Quando vejo uma imagem de pistola ou marreta pneumática, utilizadas no eufemístico “atordoamento” de bovinos, reparo em como o ser humano não apenas dedicou-se a criar algo para inutilizar o cérebro de um animal antes de degolá-lo, mas também o desenvolveu de forma a fazer com que as pessoas não a vejam como algo terrível.
A percepção reinante é de que trata-se de um “instrumento”, uma “ferramenta”, algo que serve a um objetivo tão almejado em uma plataforma industrial. Embora compreendemos que o simples ato de matar alguém seja assassinato, se isso ocorre em um contexto institucionalizado e como prática legal a compreensão de assassinato é rejeitada.
Mesmo que o animal tenha o crânio perfurado e seja destinado a um espaço em que será golpeado fatalmente na garganta, há uma resistência comum à ideia de que trata-se de um assassinato, e assim o animal não é reconhecido como vítima de seu próprio fim, mas apenas como “produto de um processo”.
Então matá-lo é como se não fosse matar, não importando o corolário da ação, sua consequência.

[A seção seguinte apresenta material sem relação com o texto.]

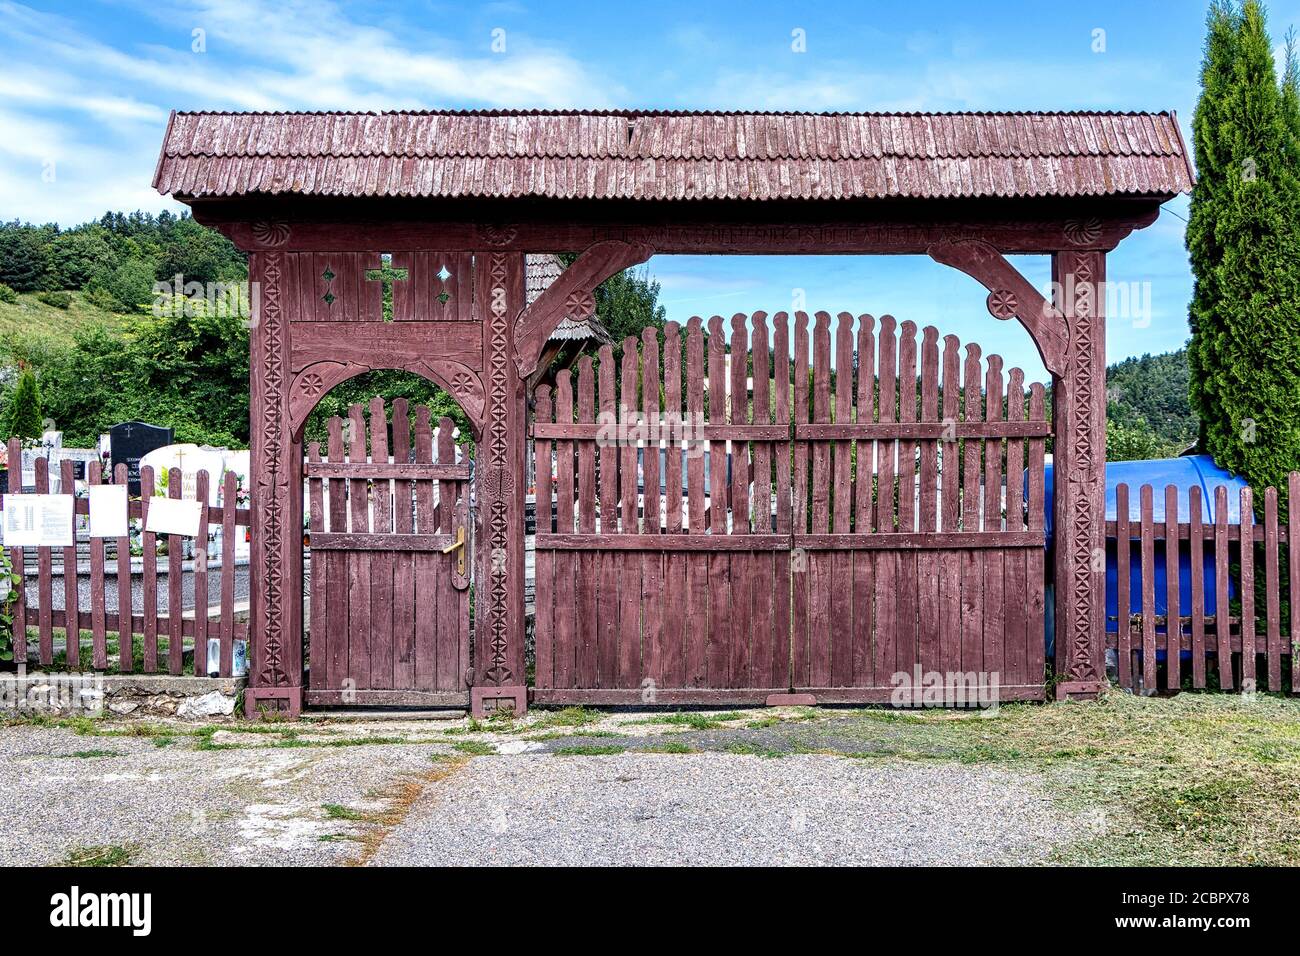 Szekler gate, an ornamental graveyard gate made only of wood Stock Photo

Assim morre-se também sem o direito de ser reconhecido como quem morreu – como se “algo” tivesse apenas deixado de estar ali, como um “elemento transicionado”, transformado em “outra coisa”, porque como “coisa” há sempre um reconhecimento precedente e outro posterior, da mobilidade à imobilidade.
A não associação do ato imperativo de matar um animal com a concepção de assassinato, e porque sua morte não somente é legalizada/regulamentada como constantemente estimulada e desejada, também é reforçadora da percepção de que o animal na plataforma de um matadouro não é um indivíduo, porque se reconhecido como indivíduo fosse, como seria negada sua condição de vítima de um assassinato?
A ideia de vítima também é refusada em relação a esses animais. Eles não são percebidos assim, e porque para isso seria necessário antes reconhecê-los como sujeitos. Então um animal na plataforma, privado da percepção de sua constituição como alguém, é uma representação construída para ser alvo de uma violência terminativa.